THE HAGUE/ KAMPALA. Secret communication intercepts by the Ugandan army and police have come in handy for prosecution at The Hague to build its case that former Lord’s Resistance Army (LRA) commander Dominic Ongwen co-planned and commanded attacks against civilians, church institutions and military targets in northern Uganda.
The trial of Ongwen, who surrendered in January 2015, began on Tuesday at the International Criminal Court (ICC) where he is charged with 70 counts of war crimes and crimes against humanity.
In a lengthy evidence presented to the court over two days, the ICC chief prosecutor Fatou Bensouda and senior trial lawyer Benjamin Gumpert played what they said were intercepted radio call communications between Ongwen and other LRA commanders, including the leader Joseph Kony.
In one such audio, Ongwen is recorded as reporting to Kony: “We are beginning to kill civilians seriously right now. I have deployed squads for killings and people will hear [about it] on the radio.”
In another audio recording, the former commander of LRA’s powerful Sinia Brigade is presented as reporting to his boss and former LRA deputy commander Vincent Otti after an attack on Odek Internally Displaced People’s (IDP) camp: “I have just come from shooting people, over. Let the people wait to hear about the waya (LRA slang for civilians), we have shot all of them.”
The prosecution side states that the evidence showed Ongwen was a “murderer and rapist.”
The audios, prosecution said, were obtained from the Internal Security Organisation (ISO), Uganda People’s Defence Forces (UPDF) and Uganda Police Force that set different bases in northern Uganda to eavesdrop LRA communication at the height of the insurgency.

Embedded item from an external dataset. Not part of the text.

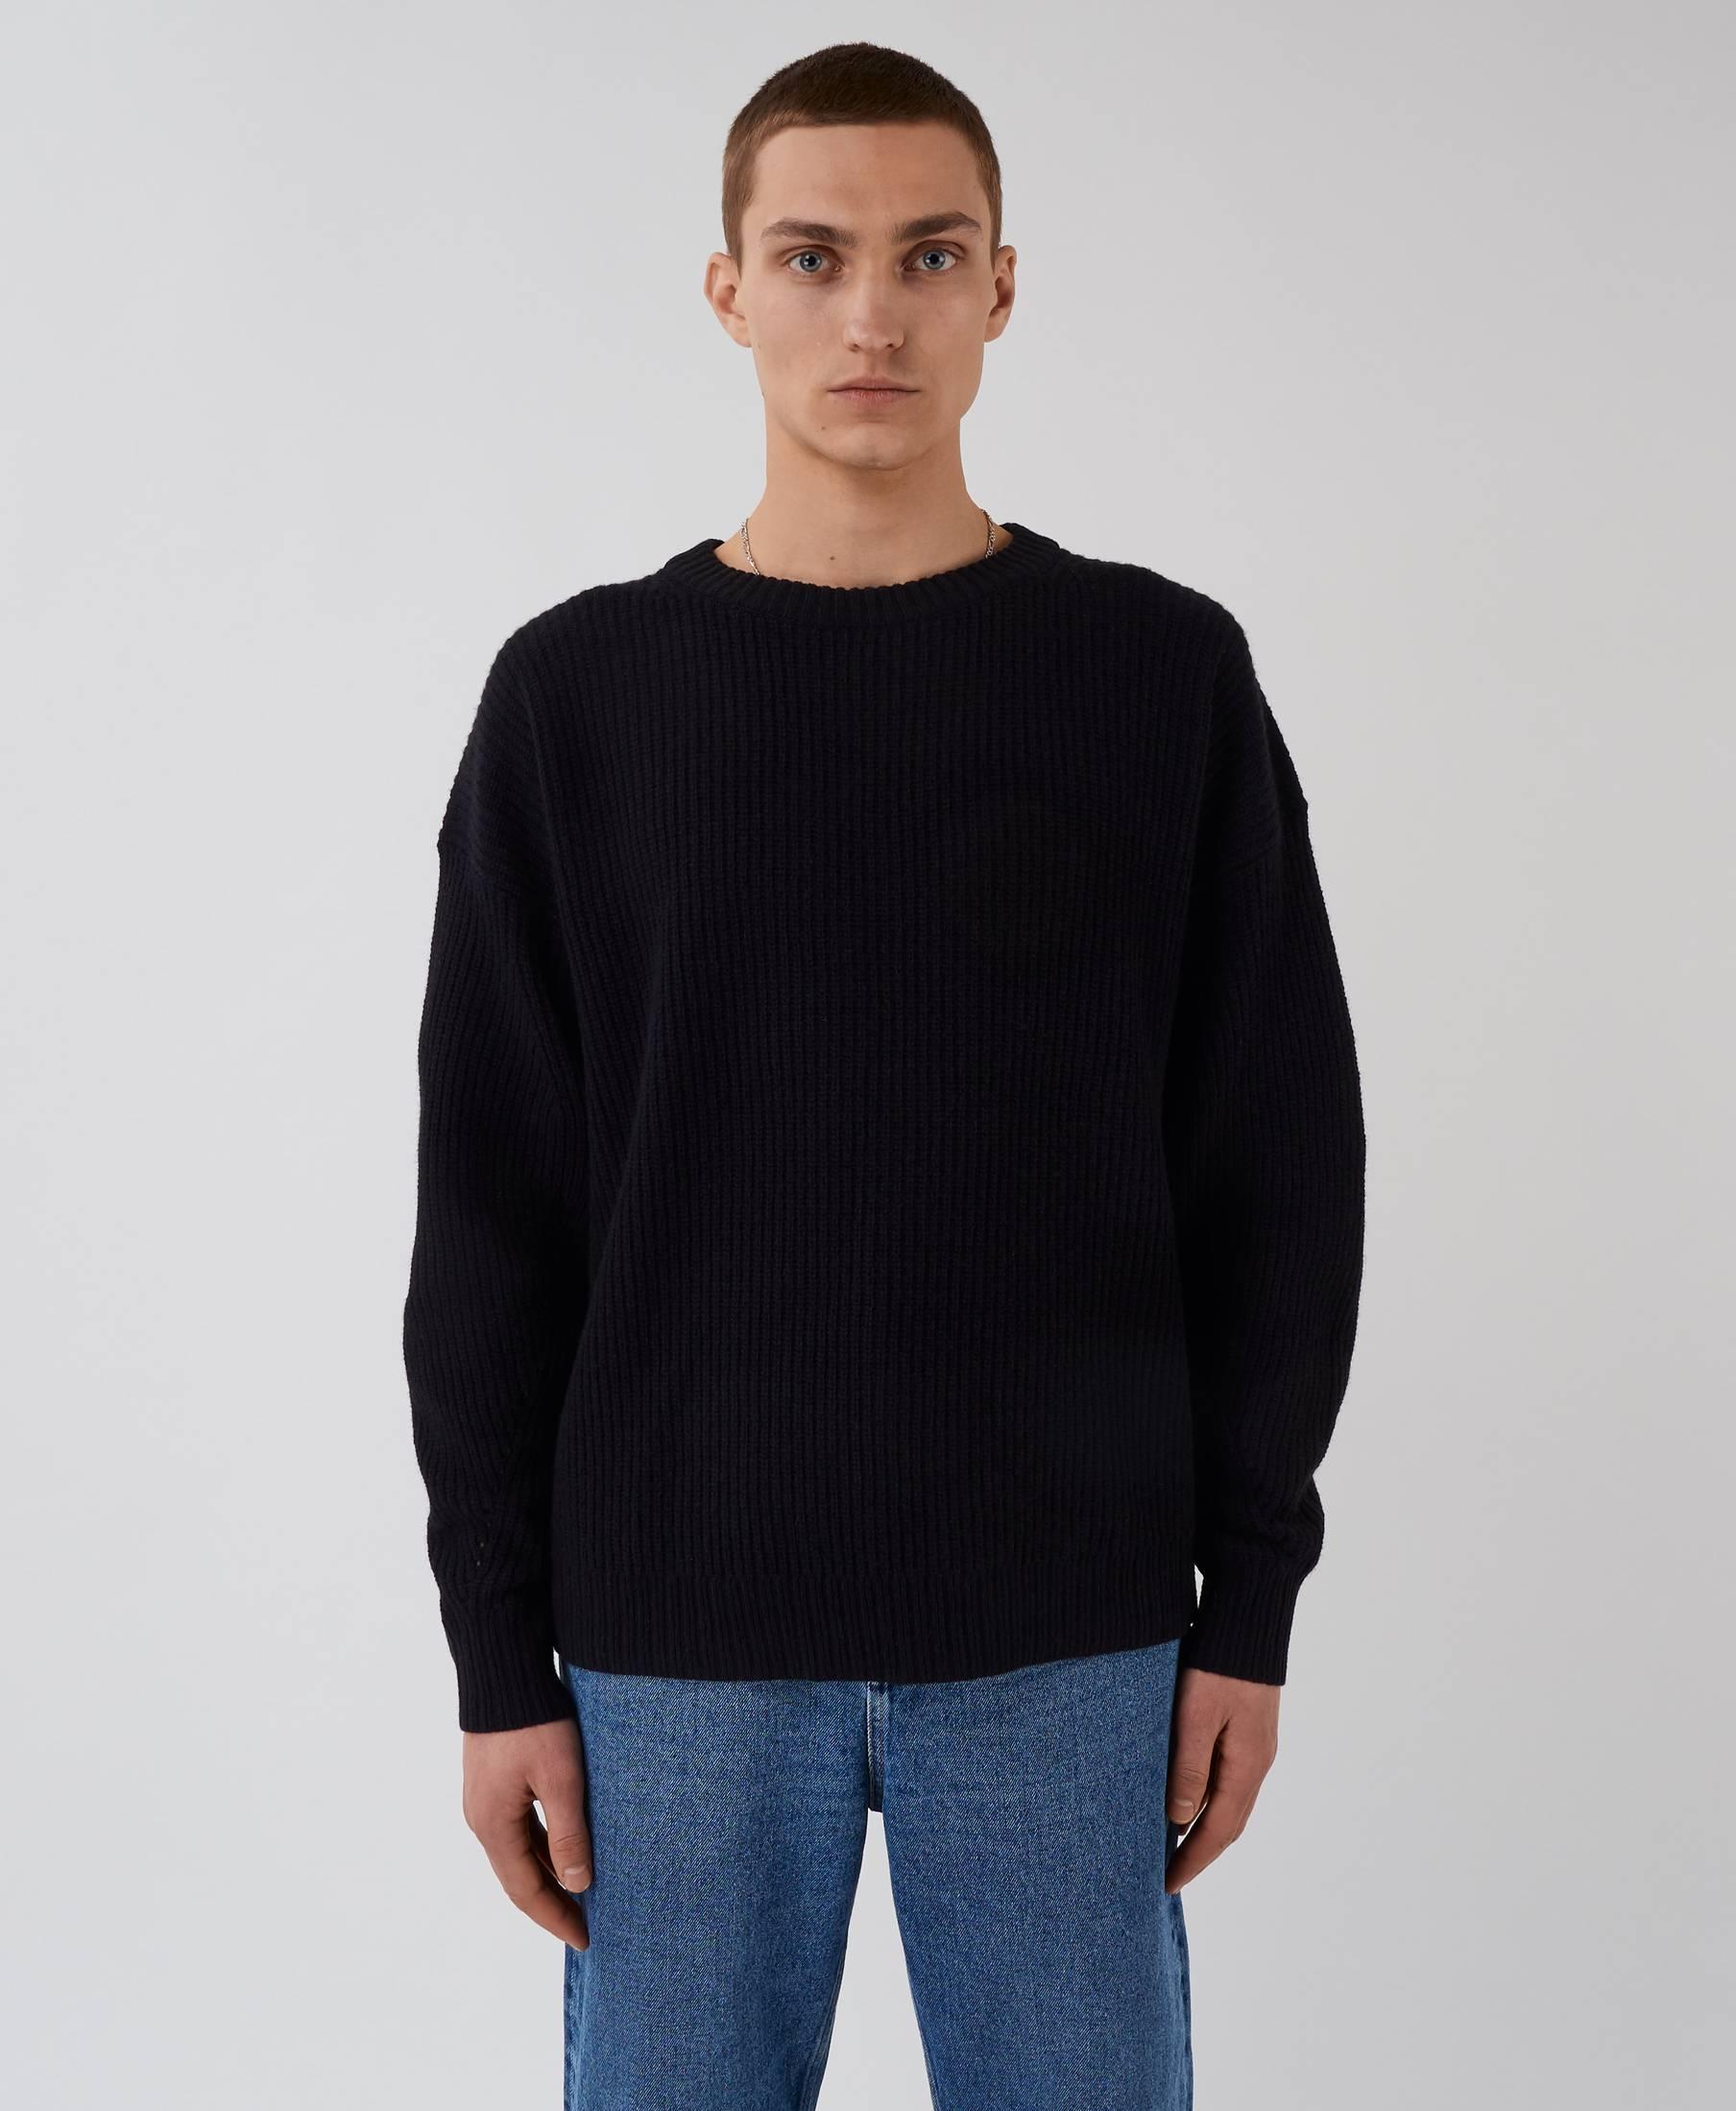 Kelvin Sweater Pistol Black

The LRA communicated using High Frequency Radio and had a “reliable” method of communicating by radio, prosecution said, adding that the intercepts were reliable, unaffected by the fallibility of the human memory.
“They provide a unique opportunity to step inside the mind of Ongwen,” Mr Gumpert submitted to the court.

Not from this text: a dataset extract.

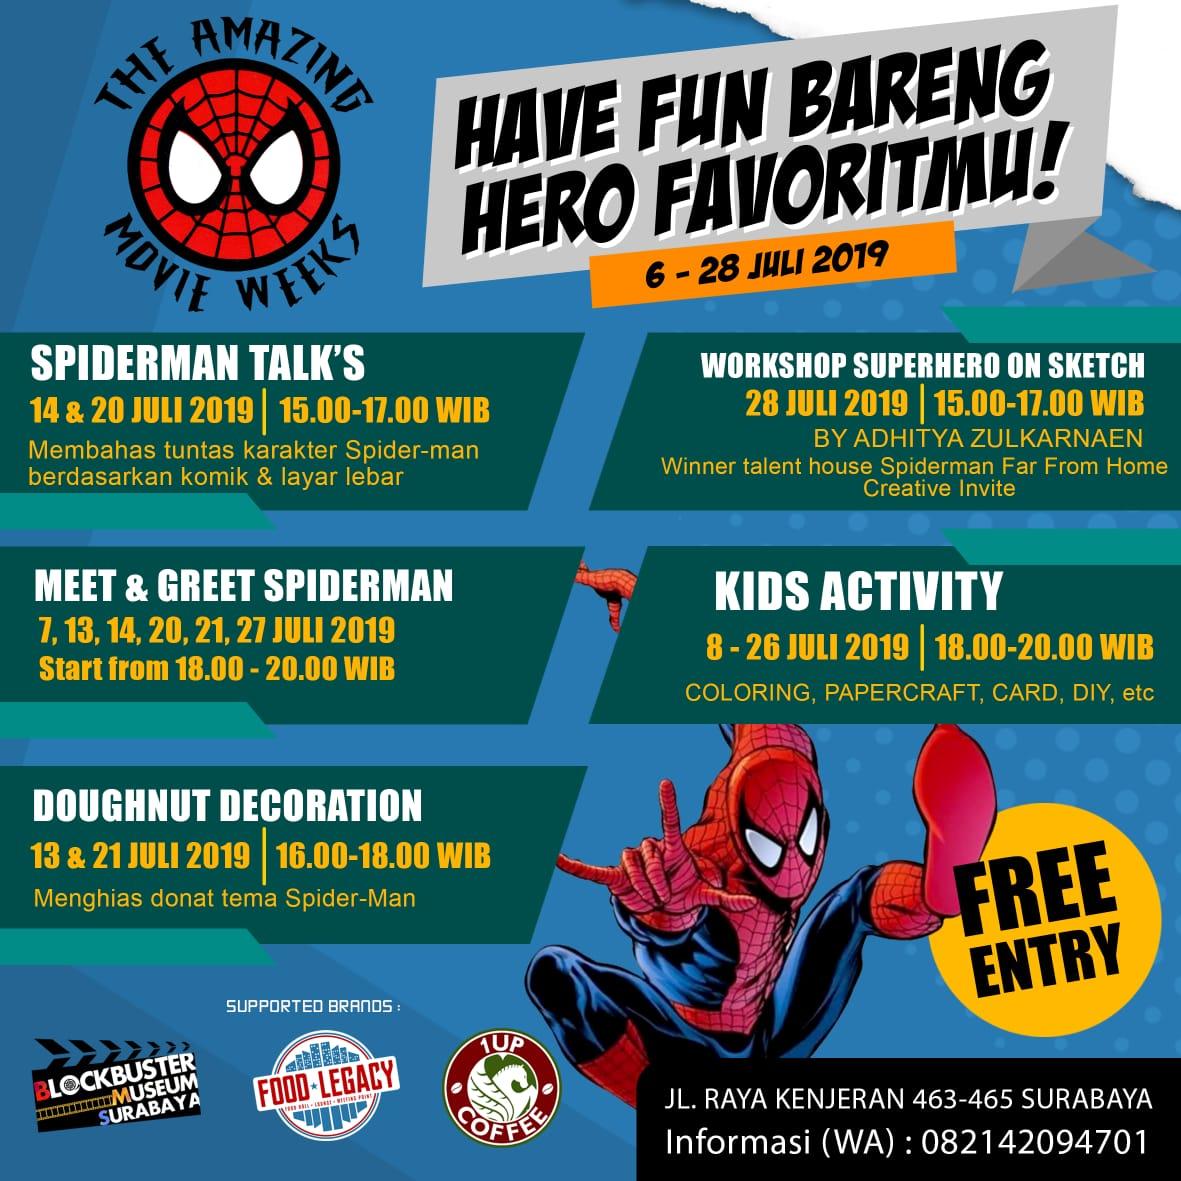 Event Surabaya On Twitter The Amazing Movie Weeks 2019 Have Fun Bareng Hero Favoritmu 6 28 Juli 2019 Jl Raya Kenjeran 463 465 Surabaya Free Entry Informasi 082142094701 Https T Co V9guazikhf

Ongwen, who was in court sandwiched between three guards, looked unfazed. One person in the public gallery walked out sobbing as prosecution presented graphic details of how babies were burnt in huts, women indicriminately raped, civilians chopped with machetes or bludgeoned to death with clubs during LRA attacks on the four IDP camps.
Speaking about the May 19, 2004 attack on Lukodi IDP camp, senior trial lawyer Gumpert said the “damage done was so bad that the camp had to be closed...Dominic Ongwen conceived, planned and executed the attack.”
The defence will begin making its submissions mid-January, next year.
The Prosecution said the radio message intercepts were corroborated with hand-written logs by the UPDF, ISO and police spies.
Senior Ugandan security officials will appear as prosecution witnesses, Mr Gumpert said.